The second is that we found in 2004-2005 that plastic can absorb toxic compounds, persistent organic pollutants. And these toxic compounds can produce cancer and endocrine disruption and too many things. And then these are working like a sponge, cleaning and concentrating a very high concentration of these toxic compounds and when the fish eat it, this plastic with the toxic compounds, [they] can damage their system. The problem is in the fish, in the endocrine system of the fish, and when we eat it the problem is with us. But how are we cleaning the plastic from the lake? How can we say to the fish, “this is plastic, don’t eat it?”

You’ve said that plastic should really be classified as a hazardous waste. Can you speak more to that?

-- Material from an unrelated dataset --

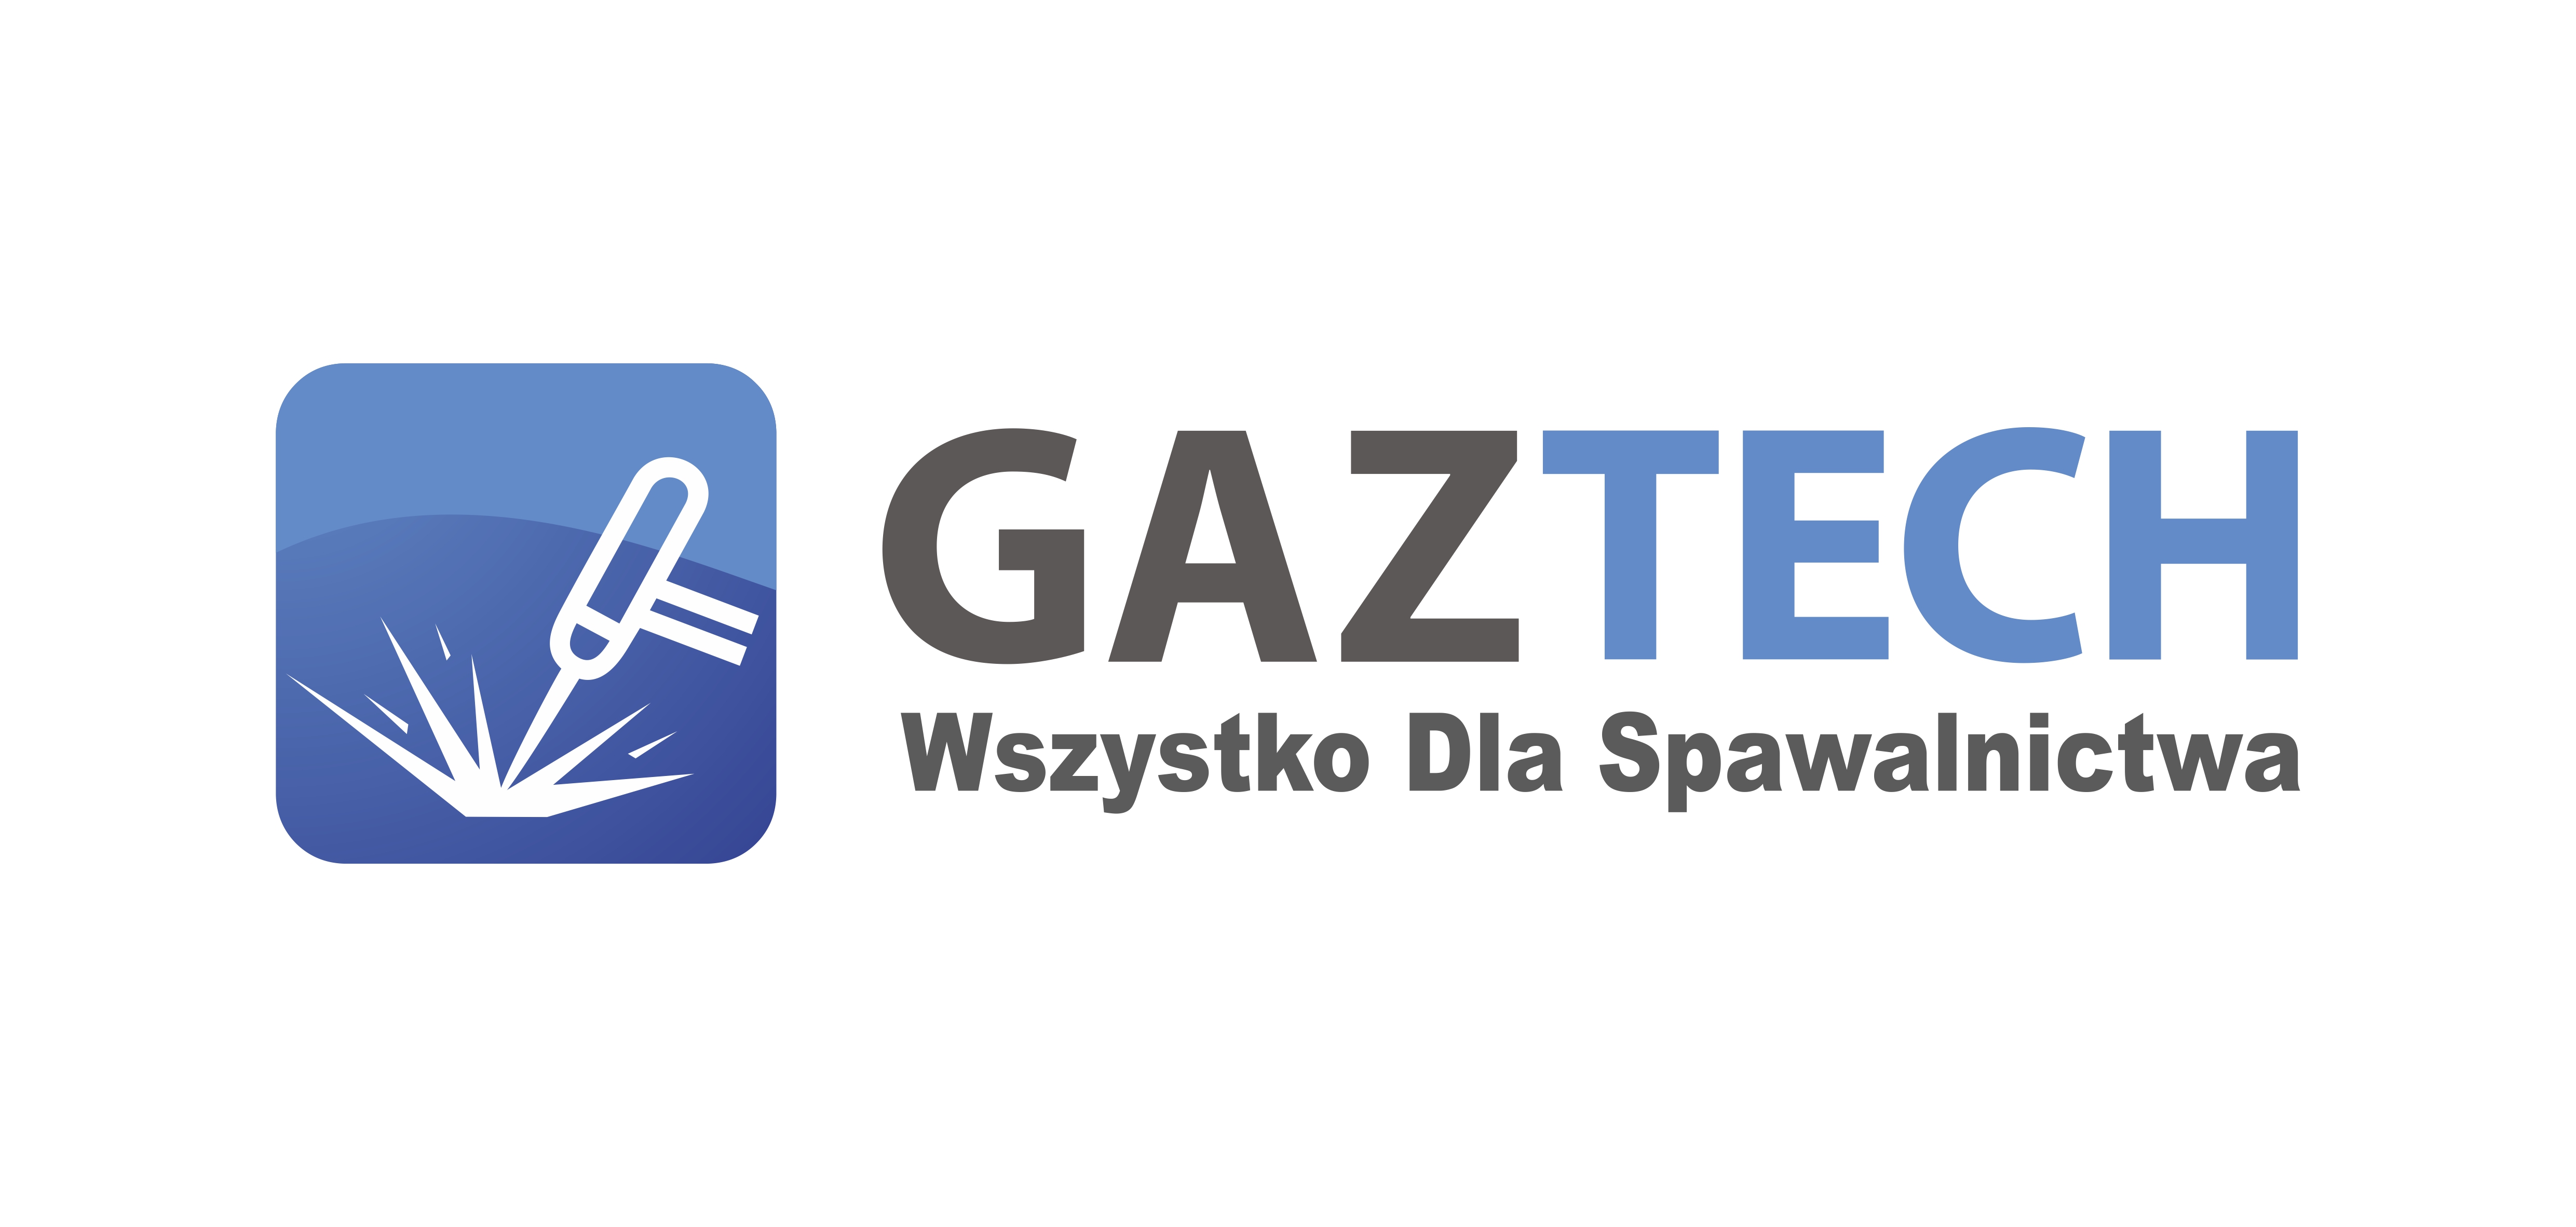 Logotyp firmy Gaztech z podpisem wszystko dla spawalnictwa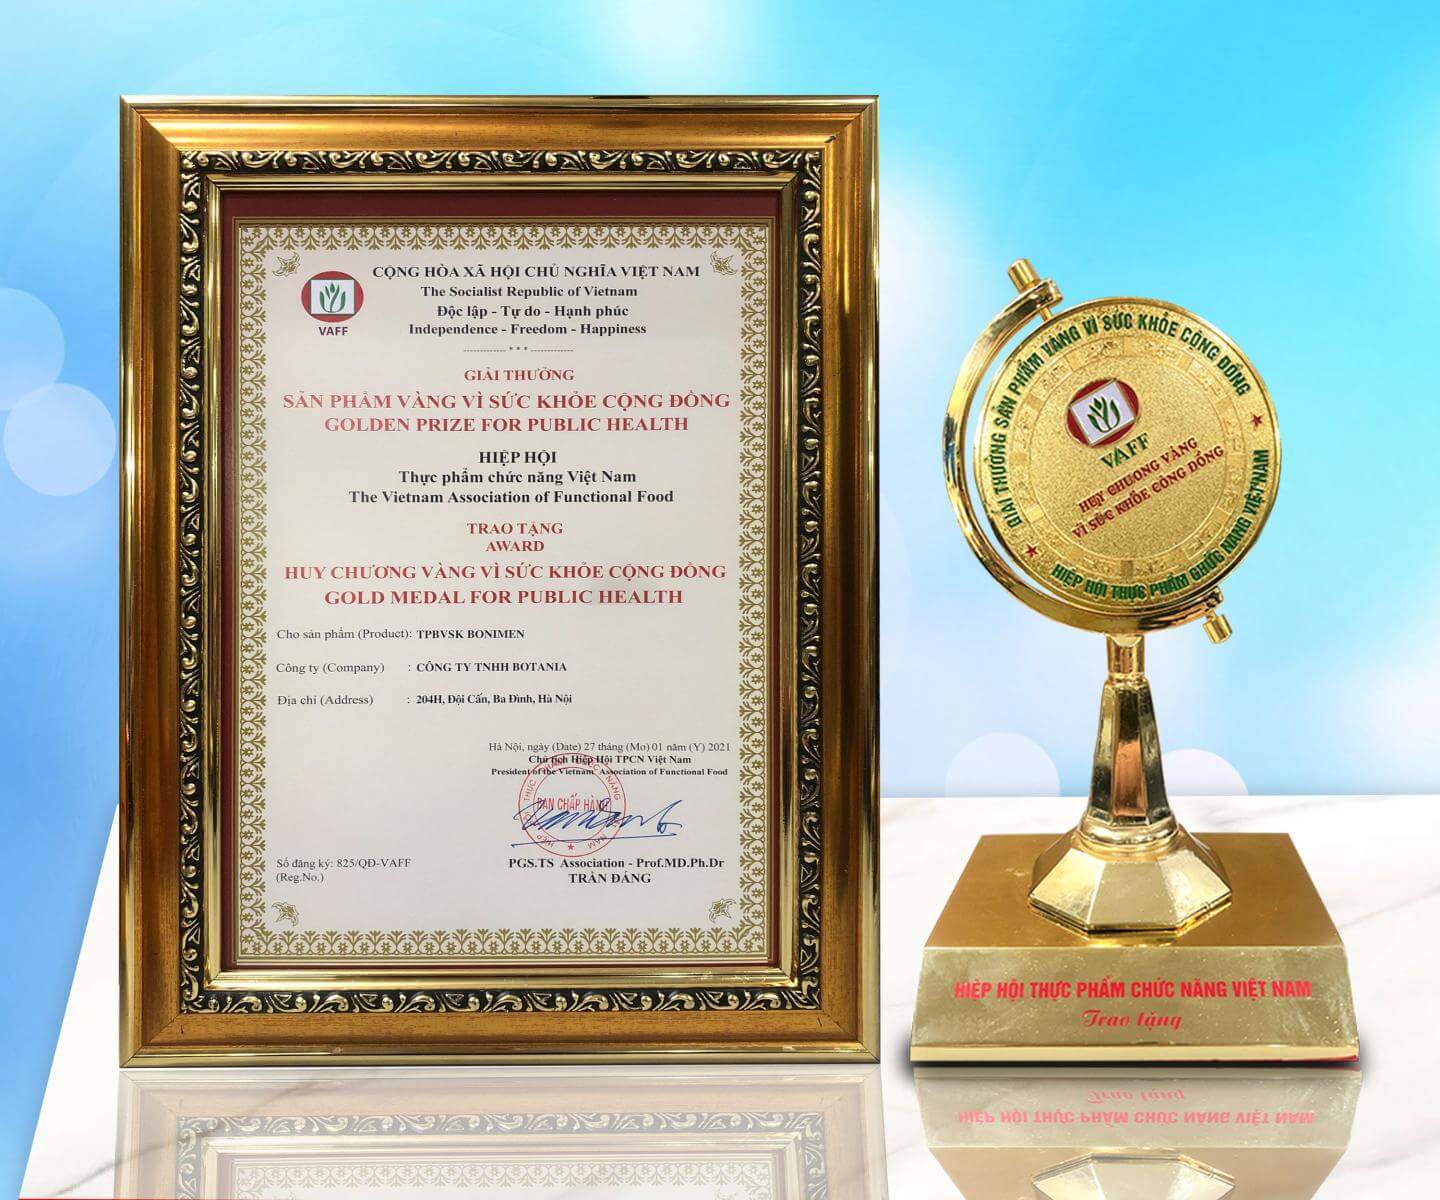 BoniMen đạt giải thưởng “Sản phẩm vàng vì sức khỏe cộng đồng”

We need to start changing the behavior in the people, how they see the plastic. Because they have taken the plastic and later don’t see it disappear. But normally the people not living close to the ocean or the lake don’t see this problem. But if you’re living in California or Asia you can see that this is a huge problem. And what is another situation with this? The plastic is so cheap and then we have a problem that we use it just one time and the plastic ends up in the oceans. We have plastic bags in the groceries. People are thinking it’s mandatory to use it just because it’s free. But you know, it’s not free. We pay. It’s very expensive later. I think this is why we need to classify it like other really bad products. And in that way, if you start to put a price on the plastic, people will not keep using it the same way. The people use just one product, one plastic bag. But if they need to pay five cents or fifty cents, forget it, they won’t use it.

There are young people, like you, that say “how can we live without it?” I can understand it because you grew up with it. In my time was the transition between glass and plastic. There was resistance to the change. We said “no way, the plastic is so horrible.” But you can see now that the plastic looks just like glass. It’s so beautiful. I love it, honestly. You can find it in whatever shape you want and it is so useful. But it is bad.

As members of the Lake Superior Watershed, how can we move forward on this issue?

The most important thing moving forward is the communication, to tell to the people that the plastic is not my friend. We totally need to stop using plastic like we are using it now. In school they teach you the three R’s: Reuse, Recycle, Reduce, but I say we need to start with Refuse. What happens when you’re at Subway? You ask them for your sandwich and then what do they do? Automatically, they give you a plastic bag. And then you walk and sit at the table and how long do you use this plastic bag? Less than five minutes. And then you can find it in the ocean and it will stay longer than 40 years like that. Just for five minutes. We need to start changing this. For me, the key are the children because they will listen to you.

You know this Lake [Superior] is kind of clean. It’s the cleanest. As you know, Lake Erie is the worst. This is horrible. Lake Erie is shallow and surrounded by a lot of people this is why we found a high concentration of plastic. Here in Lake Superior we didn’t find a lot. However… we found it. And this is the problem. Plastic is everywhere. We need to be careful because we are using the water. We are eating what comes from the water. We’re drinking this water.